Porém, não é necessário ir tão longe, buscando fundamento nos estoicos. Creio que a autoridade do Evangelista S. João basta.

Em sua Primeira Epístola (III, 9), o Apóstolo amado diz: “Todo aquele que nasce de Deus não comete pecado, porque a semente de Deus permanece nele, e não pode pecar porque nasceu de Deus. Nisto, se distinguem os filhos de Deus dos filhos do demônio” (negrito nosso).

Evidentemente, não podemos entender a expressão “semente de Deus” como o senhor a entende e quer atribuir a Santa Teresa, pois senão “haveria alguns homens divinos e outros nascidos para o mal, o que é evidentemente herético. Por isto Santo Agostinho, ao comentar este texto de São João, o relaciona com o estado de graça e com o estado de pecado” [cfr. Comentário da Primeira Epístola de São João, pp. 105-106] (FEDELI, Orlando. Cartas sobre o Concílio – Vaticano IIModernismo e Eclesiologia. São Paulo: Flos Carmeli Edições. 2020).

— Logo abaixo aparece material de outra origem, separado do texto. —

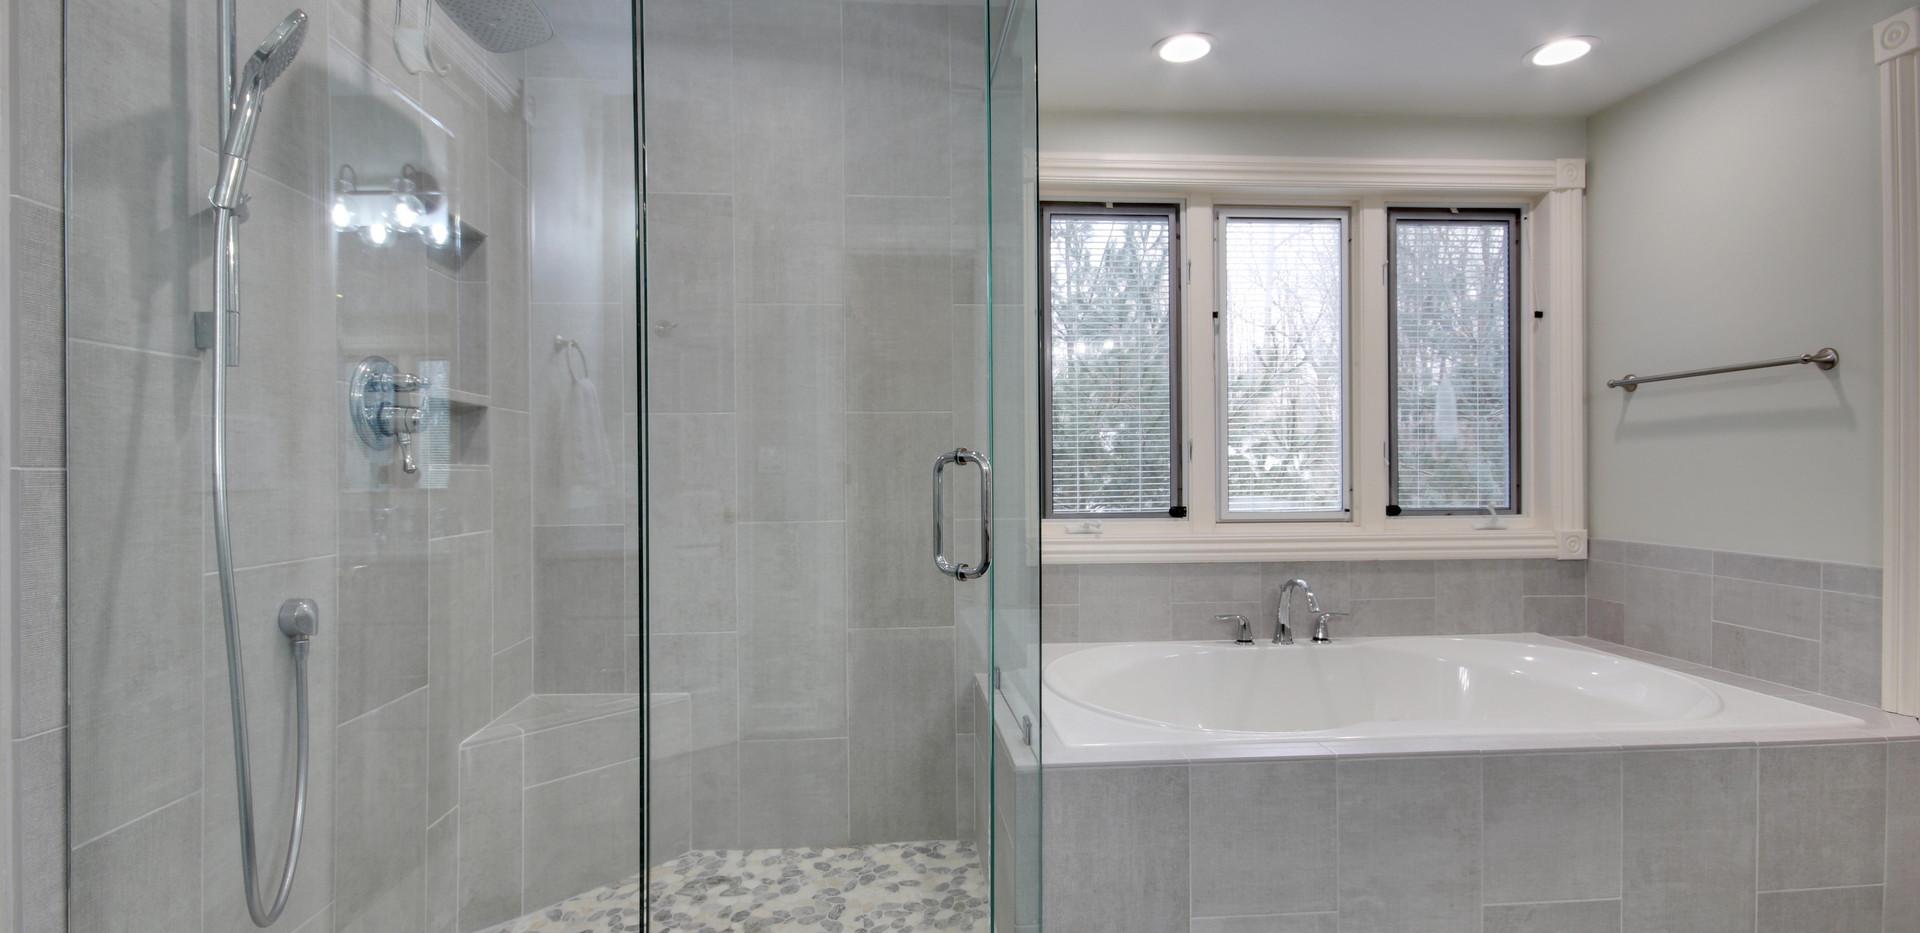 Full Grand Haven bathroom remodel

Assim, Santo Agostinho, Doutor da Igreja, entende a expressão “semente de Deus” como sendo a Graça Santificante que está no homem.

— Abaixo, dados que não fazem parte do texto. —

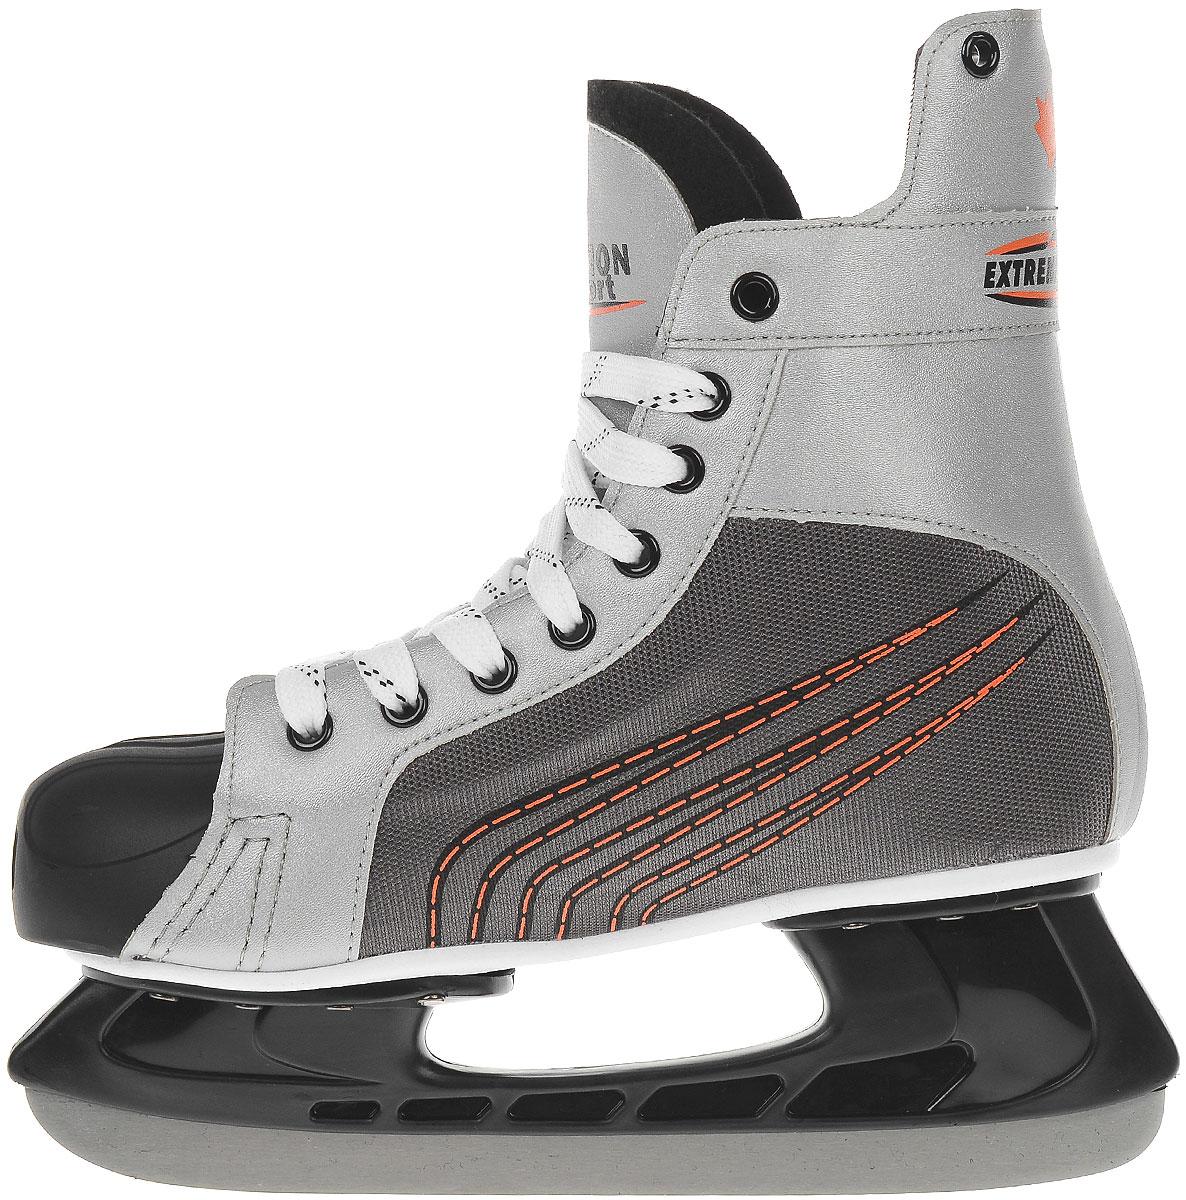 Коньки хоккейные мужские Action, цвет: белый, серый. PW-216N. Размер 44

Sem inovar ou revolucionar em nada.

Quanto a S. Justino Mártir e sua expressão “semente do Logos”, apoio-me num comentário do então Papa Bento XVI, citado num blog que trata exatamente desse assunto.

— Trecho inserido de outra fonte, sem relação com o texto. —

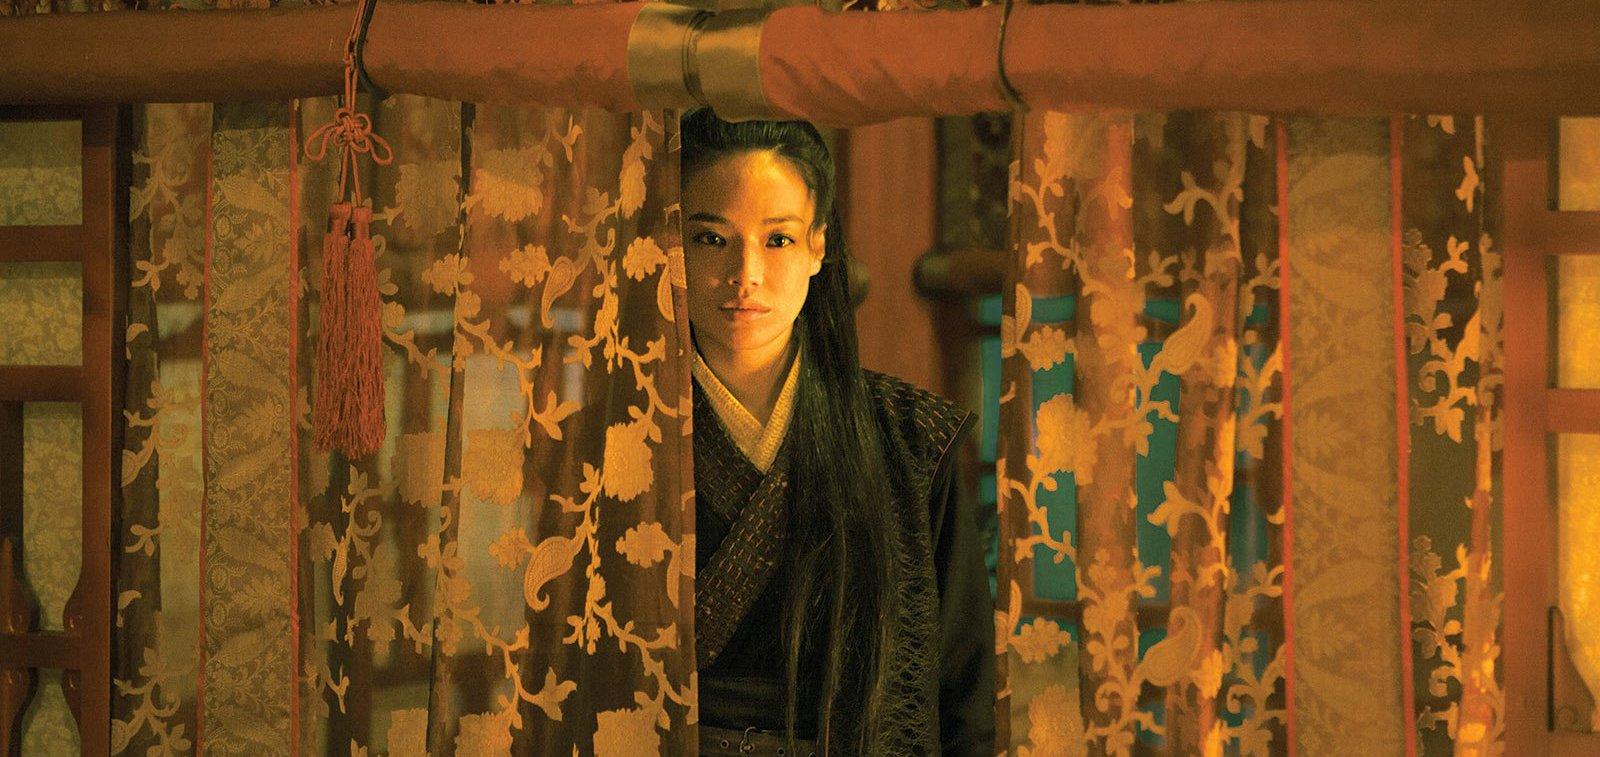 The Assassin - Hou Hsiao-hsien - Shu Qi

“Bento XVI explica o pensamento de Justino:

‘(…) Cada homem, como criatura racional, é partícipe do Logos, leva em si uma “semente”, e pode colher os indícios da verdade. Assim o mesmo Logos, que se revelou como figura profética aos Judeus na Lei antiga, manifestou-se parcialmente, como que em “sementes de verdade”, também na filosofia grega. Mas, conclui Justino, dado que o cristianismo é a manifestação histórica e pessoal do Logos na sua totalidade, origina-se que “tudo o que foi expresso de positivo por quem quer que seja, pertence a nós cristãos” (2 Apol. 13, 4). (…)’ (RATZINGER, Joseph. São Justino, filósofo e mártir. Audiência Geral, Quarta-feira, 21 de março 2007)

Portanto, aquele pagão que nunca ouviu o anúncio da Igreja, e que sob o influxo da graça vive de acordo com o ditame da consciência, ou seja, de acordo com o Verbo que ilumina todo homem que vem ao mundo, poderá ser salvo, pois está em ignorância invencível, e só lhe resta o ditame da consciência” (OLIVEIRA, Lucas H. Firmat Fides: São Justino e a semente do Verbo. Disponível em: < https://firmatfides.wordpress.com/2014/08/26/sao-justino-e-a-semente-do-verbo/ &gt; Desde 25/08/2014, negrito nosso).

Destarte, S. Justino Mártir, usa a expressão “semente do Logos” como sendo o ditame da consciência, isto é, a Lei Natural escrita nos corações (cfr. Epístola de S. Paulo aos Romanos II, 14-15) de todo homem que vem ao mundo.

Portanto, desde S. João Evangelista até Santa Teresa, dado que a Verdade Católica é imutável, é evidente a coerência doutrinária.